Friday, September 25, 2009

Skewed Projections

For years computer monitors have been getting larger and thinner. Screens are dramatically wider now than they are tall, giving a person more real estate to navigate. Extra screen width, for an Adobe Creative Suite user, is great for being able to see a whole lot more of your document space uncluttered by panels and tool bars that you now have room to drag off to one side.  


But what about the aspect ratio? What about respecting the height to width proportion of images and text that you see on the wider screen?


It started for me with those new iMacs a couple of years ago. I taught in a classroom where they had just upgraded to slick 24" iMacs; it was shortly after Apple flattened the whole computer into a slab of monitor that at first made me wonder what happened to the rest of the computer.
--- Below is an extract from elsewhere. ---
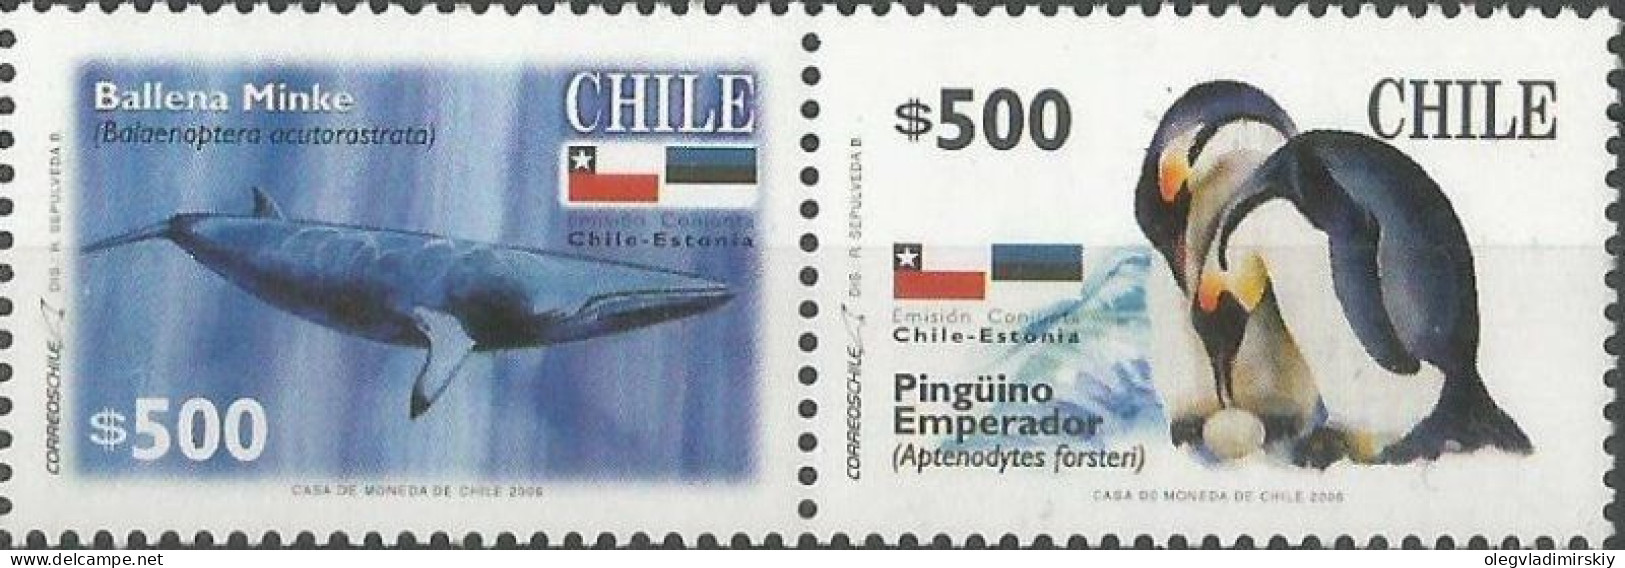 Chile Chili 2006 Antarctic Fauna Penguin Whale Joint With Estonia Strip Of 2 Stamps MNH - Wale

The business of graphic design makes clear distinctions between squares and rectangles. A square is a rectangle, but not every rectangle is a square. Same with circles and ovals. When I draw a perfect circle, I expect to see an object looking very round on the screen.  


When every square looks like a rectangle and every circle appears oval, it impedes my ability to bring the pictures inside my head to life in the digital world. Digital projectors, as well as wider computer monitors, also suffer from this proportion distorting phenomena.


Monitor display preferences offer all the choices of aspect ratio an artist could want. One can select an older, squarer standard that brings everything back into proportion, but defeats the purpose of having the wider monitor at all, that extra real estate on either side now left unused.


So what's to be done? 


I call for computer companies and digital projector manufacturers to produce monitors in a taller format while still providing ample screen real estate, and to offer a wider range of projection modes that respect proportion, not only for artists, but for anyone who gives a whit about image integrity.


After all, if we can make a choice, should we not make the one that yields the most beauty?